In this study, we aimed to investigate the effect of clinical data on automated COVID-19 diagnosis using CXR. As mentioned in
Section 3, three DL models have been created that aim to diagnose COVID-19 patients in three experiments. The first experiment was conducted with clinical data from the patients only and the second experiment was performed with CXR from patients, while, in the last experiment, we applied a hybrid approach and combined both sets of data (clinical data and CXR).
Table 4 summarizes the results achieved of the proposed models based on three different cases. Similarly,
Figure 6,
Figure 7 and
Figure 8 represent the confusion matrix for all the three cases.

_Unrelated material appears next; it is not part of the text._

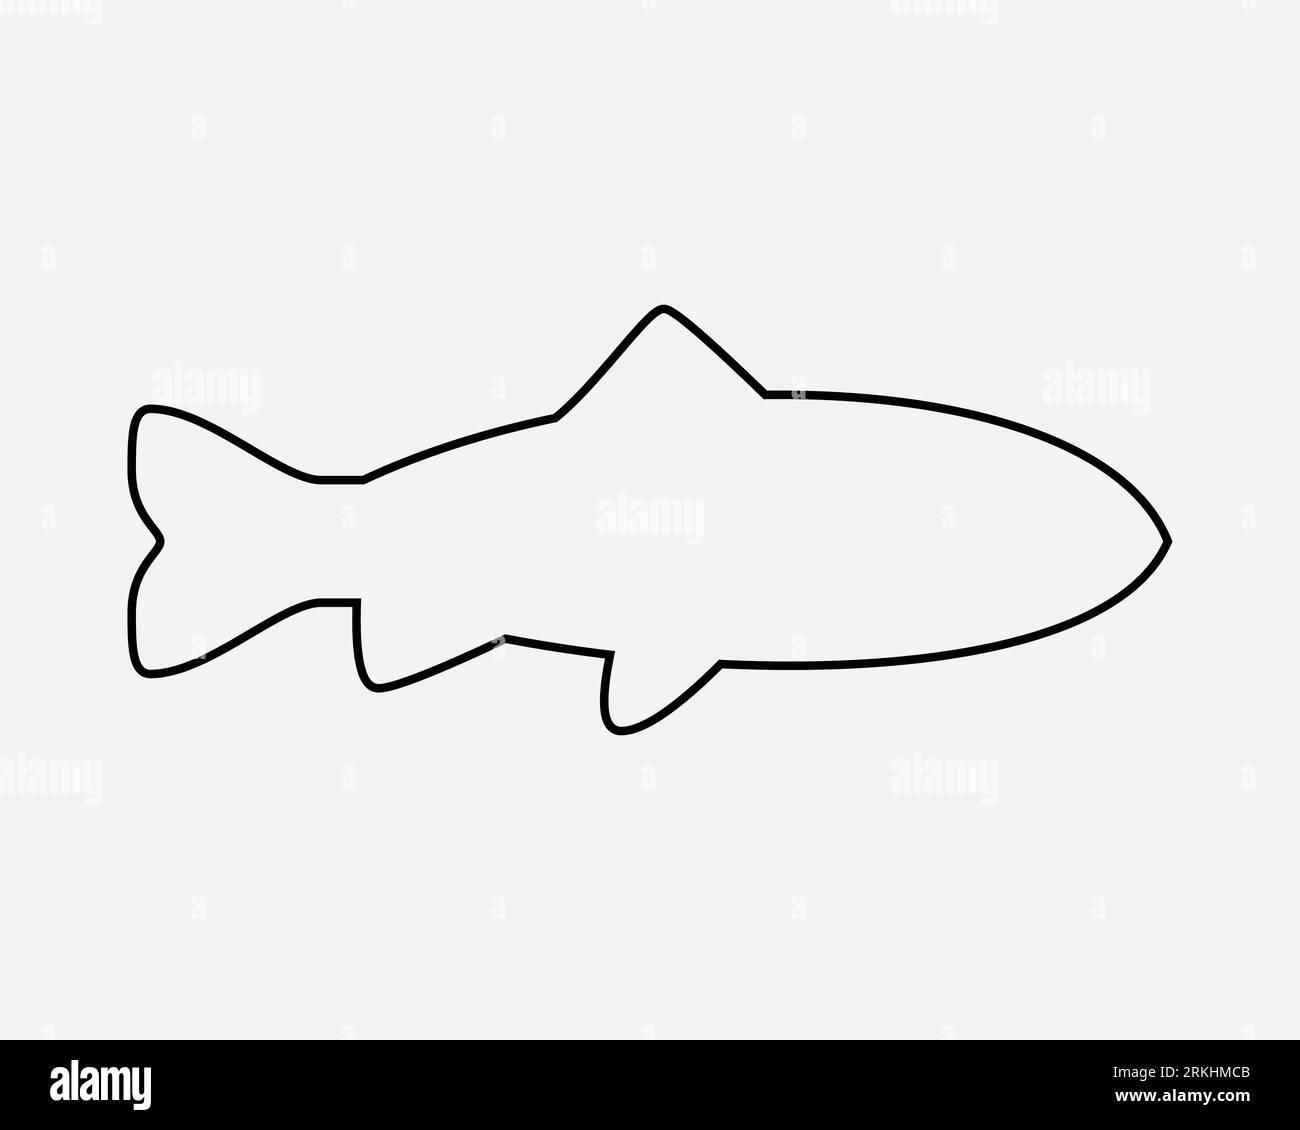 https://c8.alamy.com/comp/2RKHMCB/fish-outline-icon-ocean-sea-seafood-marine-wildlife-animal-black-white-line-shape-empty-template-blank-vector-clipart-illustration-artwork-sign-symbol-2RKHMCB.jpg

Table 4 above shows that the hybrid approach showed significant improvements in terms of all the performance measures, especially in terms of accuracy with a value of 0.970. Moreover, the high values of precision and recall scores indicate good performance of the model in terms of false positive and false negative rates. The 0.986 value of the recall shows that the model aims to minimize the false-negative rates so that it does not show a high loss of COVID-19 infected cases. Whereas the precision value of 0.978 shows that the model also minimizes the false positive rates, so it does not show a high misclassification of COVID-19 infected cases. Furthermore, since DL models require an immense number of images to achieve acceptable performance, the second case where only images were used showed the worst results due to the shortage of COVID-19 patients’ CXR in the used dataset. Therefore, we believe that combining CXR images with clinical data can be considered a solution for health authorities to diagnose COVID-19 patients in an efficient and quick manner.

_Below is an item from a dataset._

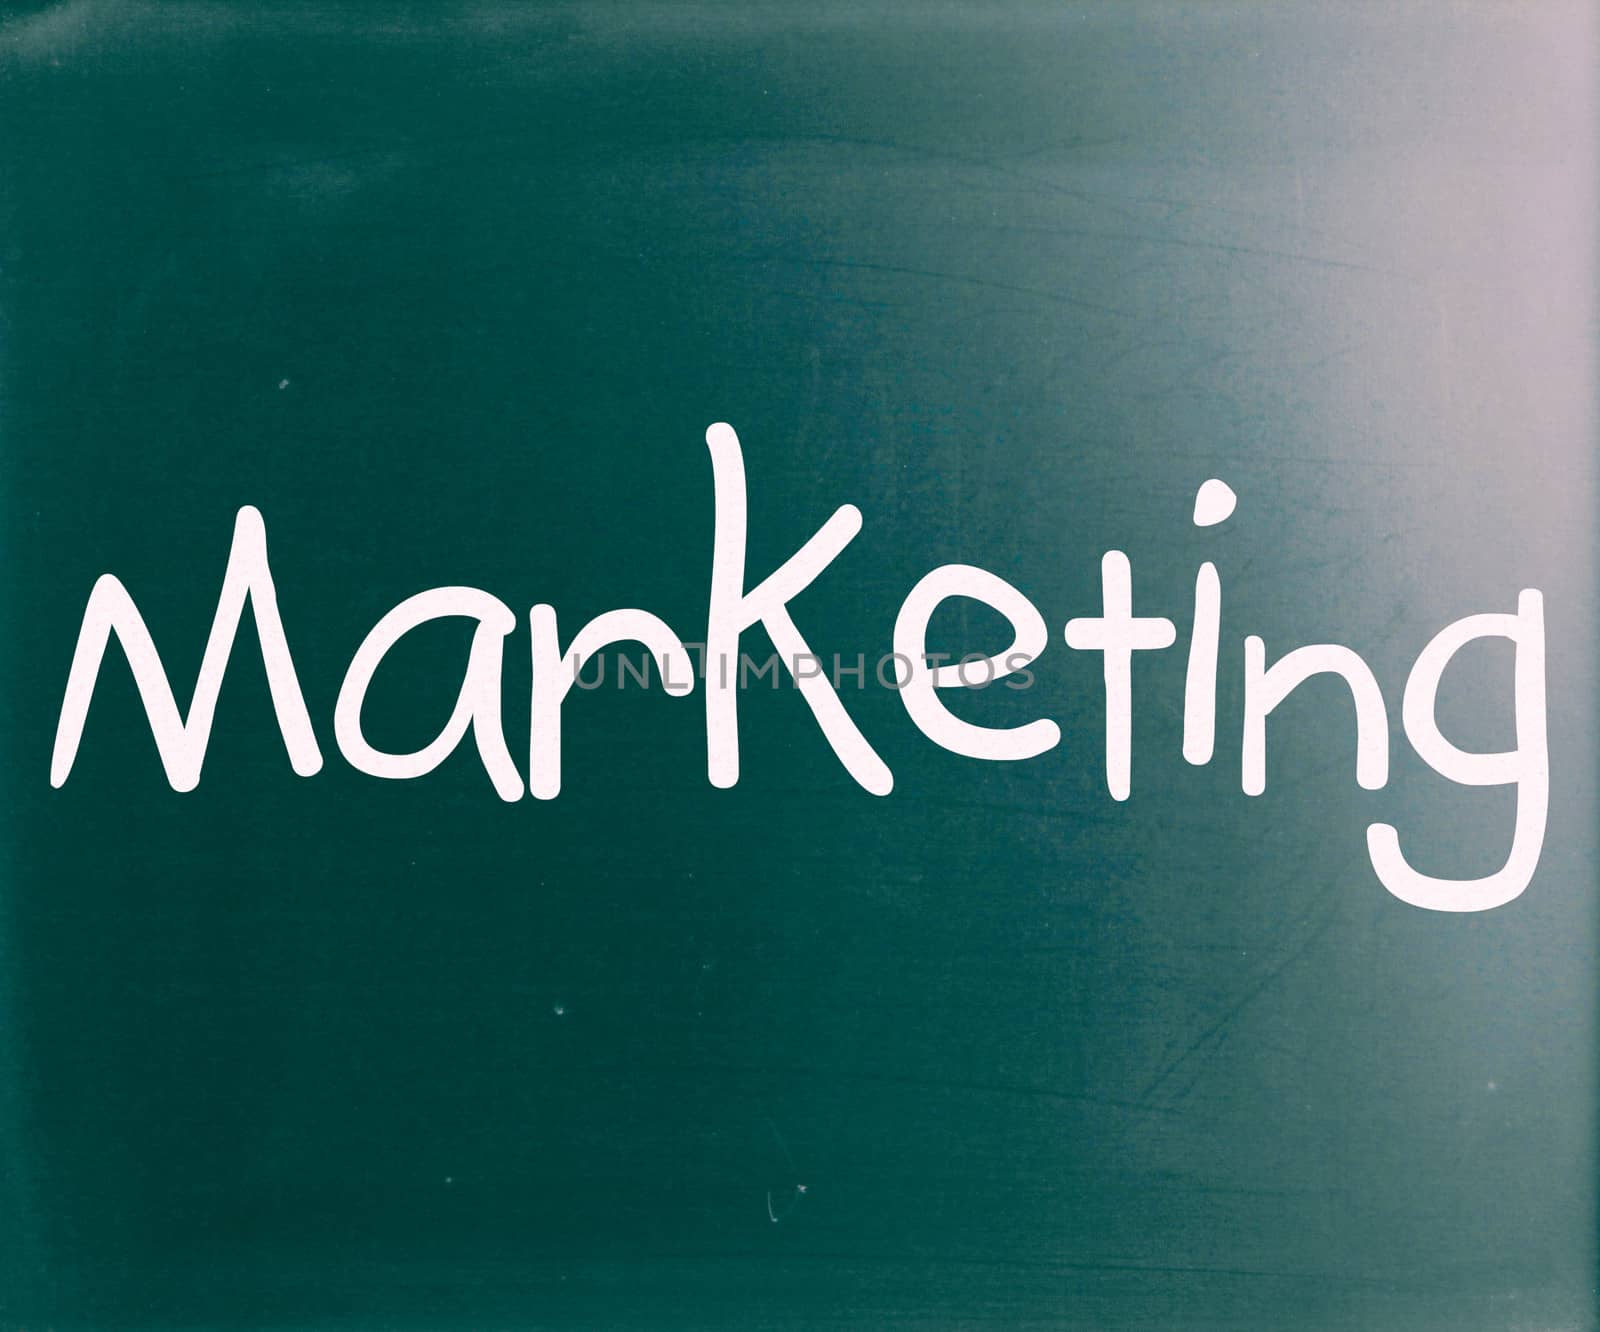 The word "Marketing" handwritten with white chalk on a blackboard

Furthermore, some of the examples of the COVID-19 positive and the healthy patients from the dataset are included in
Table 5. The clinical data represent the attributes sequence, i.e., gender, age, body temperature, pulse rate, respiratory rate, blood pressure systolic, blood pressure diastolic, shortness of breath, cough, other symptoms, diabetes mellitus, hypertension, cardiac disease, dyslipoproteinemia, chronic kidney disease, and other chronic diseases.

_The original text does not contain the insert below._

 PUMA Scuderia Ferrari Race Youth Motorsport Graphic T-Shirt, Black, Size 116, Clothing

In order to further validate the performance of the proposed system, comparison was made among the system and the doctor diagnosis for some of the patients.
Figure 9,
Figure 10 and
Figure 11 represents the confusion matrix.
Figure 9a represent the confusion matrix for the diagnosis conducted by the expert (doctor) and
Figure 9b represents the confusion matrix for the diagnosis conducted by the proposed system. Similarly,
Table 6 contains the evaluation measure for the diagnosis comparison. For comparison 25 new records were selected, among them 12 were COVID-19 positive and 13 were healthy patients.
As seen from
Table 6, integration of the clinical data with the CXR has produced better diagnosis performance when compared with the case 1 and case 2. Furthermore, there is a difference in the diagnosis performance in case 2, because of the limitation of shortage of the CXR used to train the DL model. The proposed system cannot replace the doctors but can assist them in the diagnosis of COVID-19.
Despite of the significant results achieved from the proposed model. The study also suffers from some limitation. Due to the availability of one expert and unavailability of the large number of patients records, the validation was performed on 25 patients’ samples.